Studies using the placental transcriptome to identify key molecules relevant for preeclampsia are hampered by a relatively small sample size.In addition, they use a variety of bioinformatics and statistical methods, Pier Cabinet making comparison of findings challenging.To generate a more robust preeclampsia gene expression signature, we performed a meta-analysis on the original data of 11 placenta RNA microarray experiments, representing 139 normotensive and 116 preeclamptic pregnancies.Microarray data were pre-processed and analyzed using standardized bioinformatics and statistical procedures and the effect sizes were combined using an inverse-variance random-effects model.

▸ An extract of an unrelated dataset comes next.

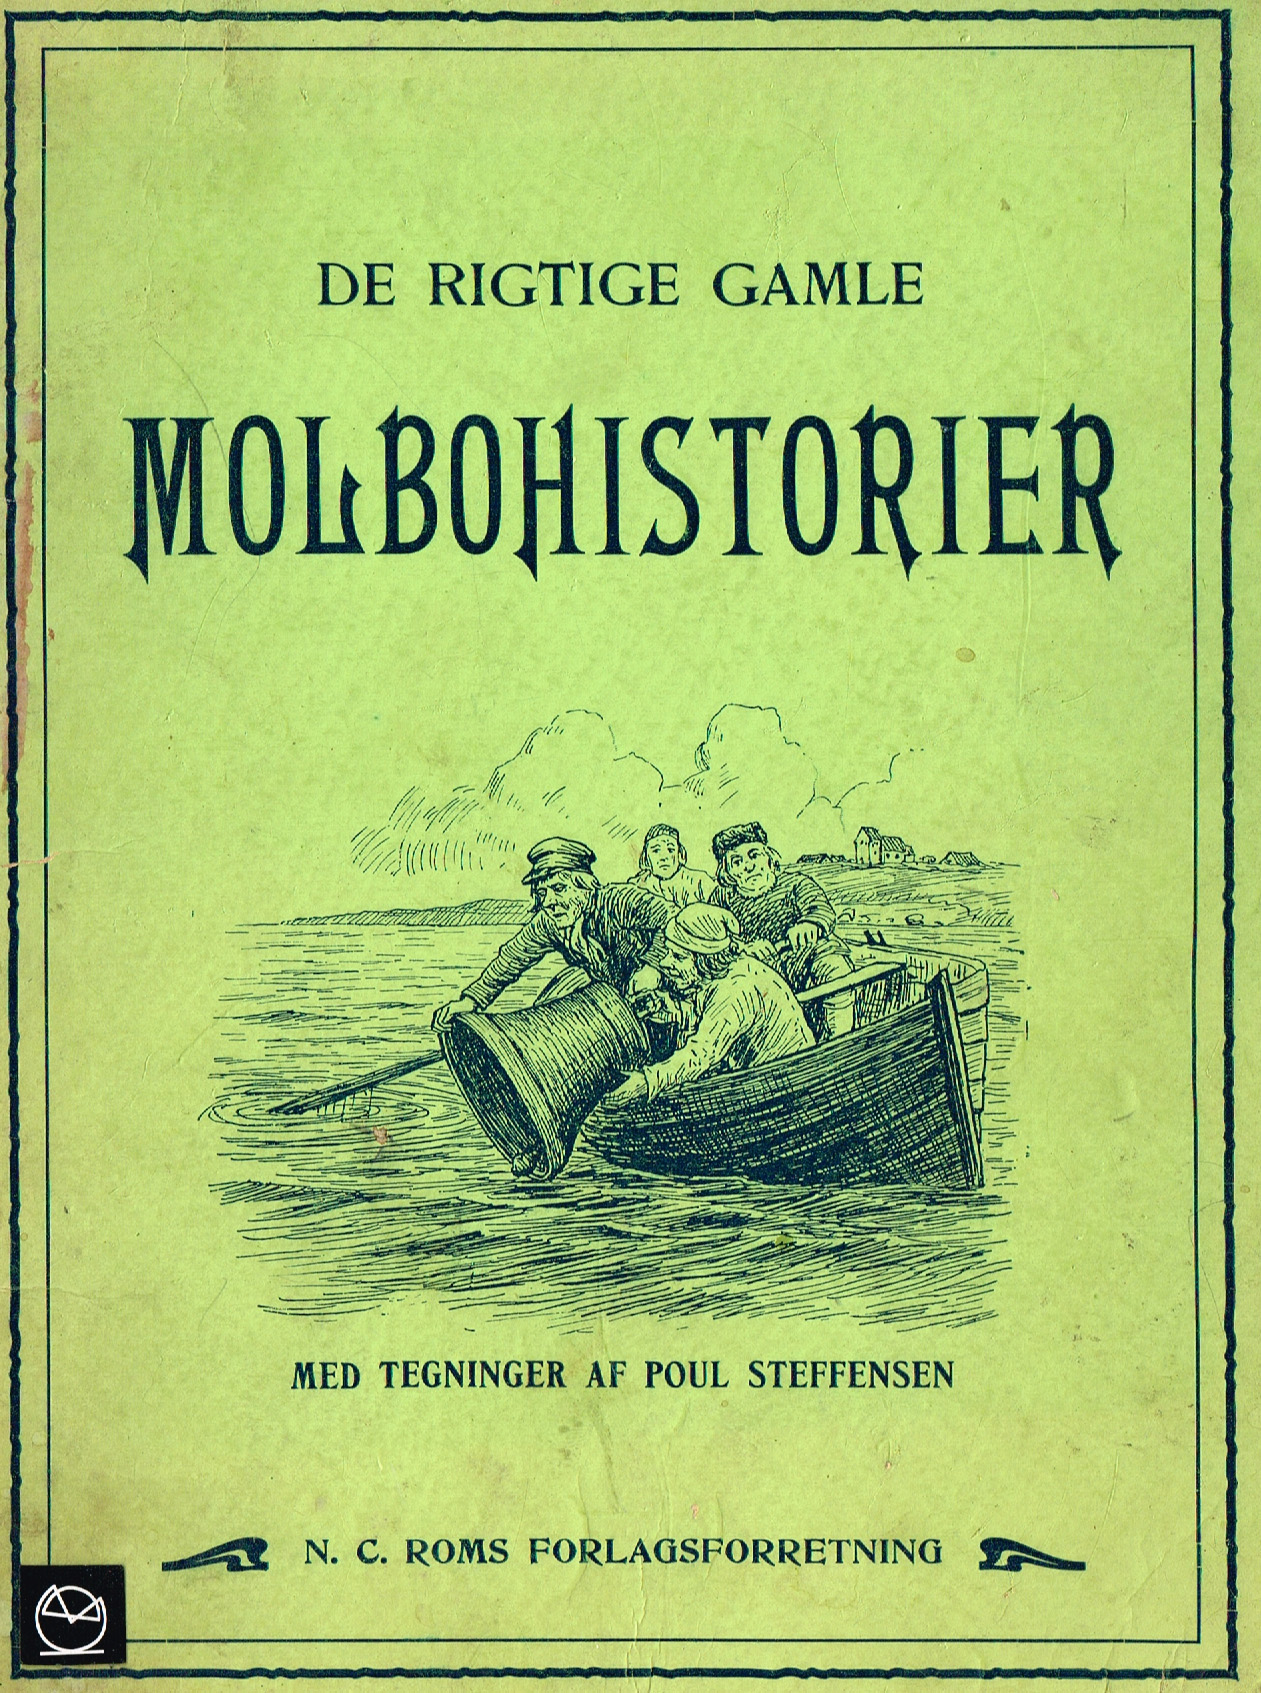 De Rigtige Gamle Molbohistorier billedbog

Interactions between genes in the resulting gene expression signature were identified by pathway analysis (Ingenuity Pathway Analysis, Gene Set Enrichment Analysis, Graphite) and protein-protein associations (STRING).This approach has resulted in a comprehensive list of differentially expressed genes that led to a 388-gene meta-signature of preeclamptic placenta.Pathway analysis highlights the involvement of the previously identified hypoxia/HIF1A pathway in the establishment of the preeclamptic gene expression profile, while analysis of protein interaction networks indicates CREBBP/EP300 as a novel element central to the preeclamptic placental transcriptome.In addition, there is an apparent high incidence of preeclampsia in women carrying a child with a mutation in CREBBP/EP300 (Rubinstein-Taybi Syndrome).
The 388-gene preeclampsia meta-signature offers a vital starting point for further studies into the relevance of these genes LIP THERAPY (in particular CREBBP/EP300) and their concomitant pathways as biomarkers or functional molecules in preeclampsia.This will result in a better understanding of the molecular basis of this disease and opens up the opportunity to develop rational therapies targeting the placental dysfunction causal to preeclampsia.